Task goal: Please count how many lines of the data include the word "Auflage". Give only that number in reply.
-------- Data extracts
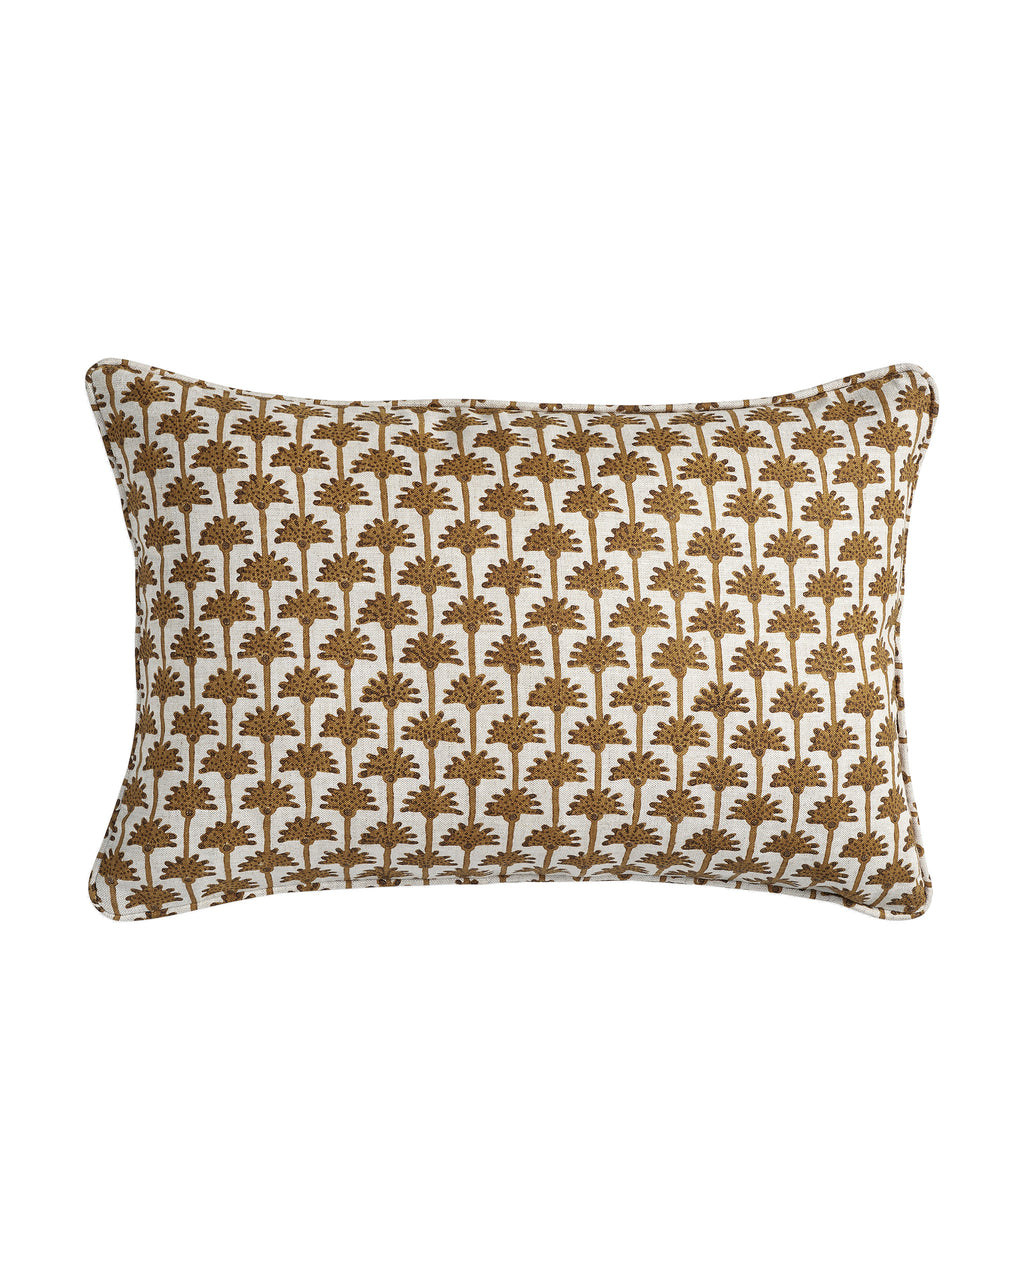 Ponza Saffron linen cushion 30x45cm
----------------
-------- Data extracts
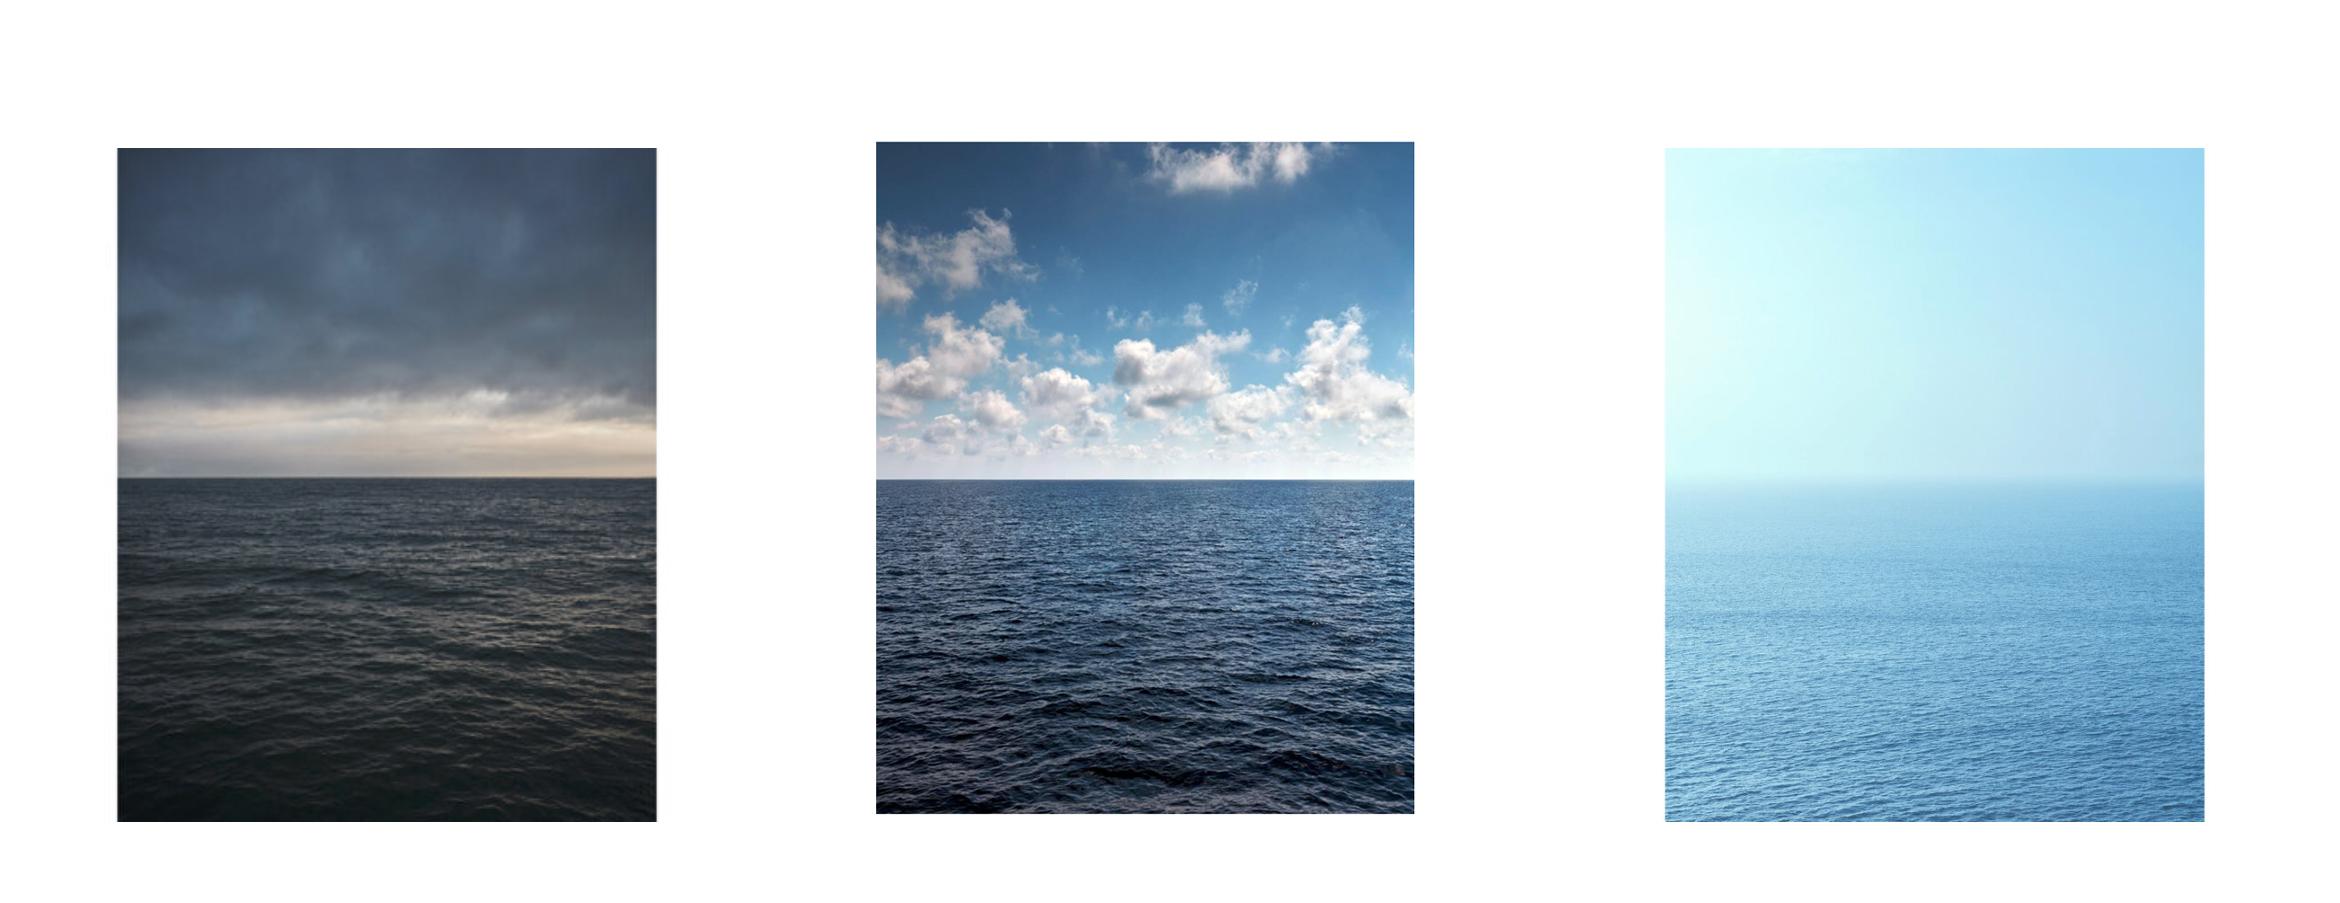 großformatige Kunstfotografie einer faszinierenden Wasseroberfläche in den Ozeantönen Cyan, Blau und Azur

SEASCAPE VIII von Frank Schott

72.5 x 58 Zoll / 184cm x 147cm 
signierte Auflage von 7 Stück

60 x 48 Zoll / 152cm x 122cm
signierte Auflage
----------------
Answer section: 2